Out the back door, lad, Thomas told himself. He hurried past the sinks, quietly opened the screen door at the rear of the place, and slipped out into the alley. He picked his way quickly and cautiously through the shadows, and when he had slipped by the back ends of two dark buildings, and the city wall was a scant stone’s-throw ahead, he turned left again and followed a short, unpaved strip of dirt between two high walls back to the Hi
gh Street sidewalk. Barely twenty seconds had elapsed since the six shots had been fired.

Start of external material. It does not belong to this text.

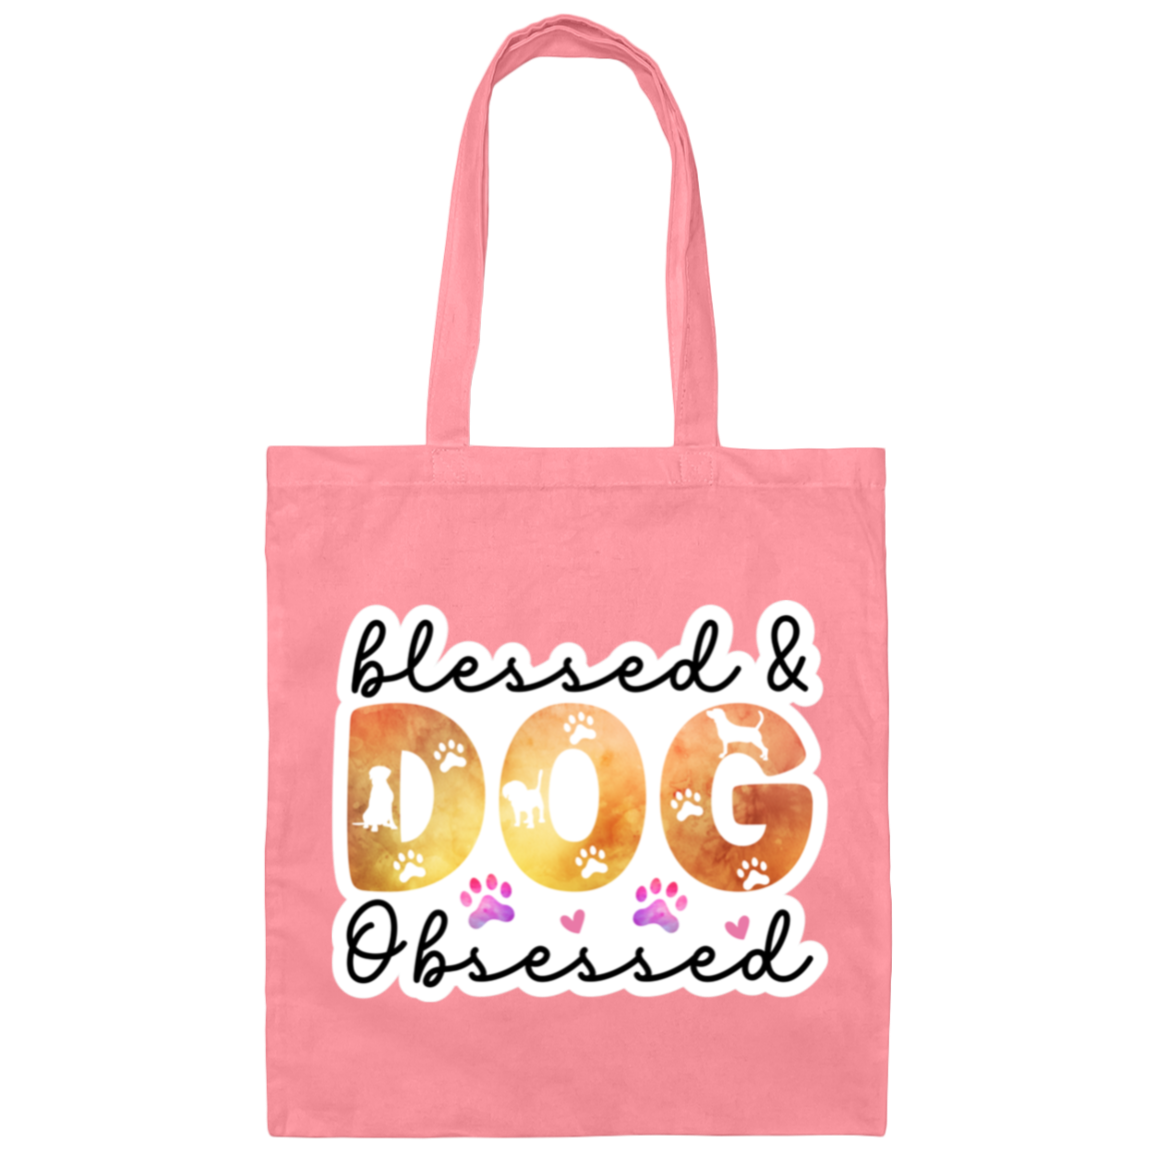 Blessed & Dog Obsessed Watercolor Canvas Tote Bag

Thomas peered around the wall, back toward the front door of the Blind Moon. A half-dozen policemen loitered out front, a couple of them crouched over a body that lay motionless in the street. So much for poor old Jenkins, Thomas thought nervously, and the Collected Letters of J. Heinemann Strogoff. He noticed that he was still holding the envelope Jenkins had given him, and he shoved it hastily into his back pocket.
After a few minutes three more officers stepped out of the Blind Moon. “Nobody in here’s got it,” one said.
“It’s not on him, either,” spoke up one who’d been hunched over the body. “We must have missed it at his place.” Lining up in formation, they trotted away south on Spring.
I’ve got to get back to the theatre, Thomas thought, so I can see what’s in this damned letter. Gladhand will probably be interested, whatever it is.
Thomas was prodding his phlegmatic horse down the southward side of the Spring Street bridge when one of the ubiquitous beggars called hoarsely to him, “Rufus!”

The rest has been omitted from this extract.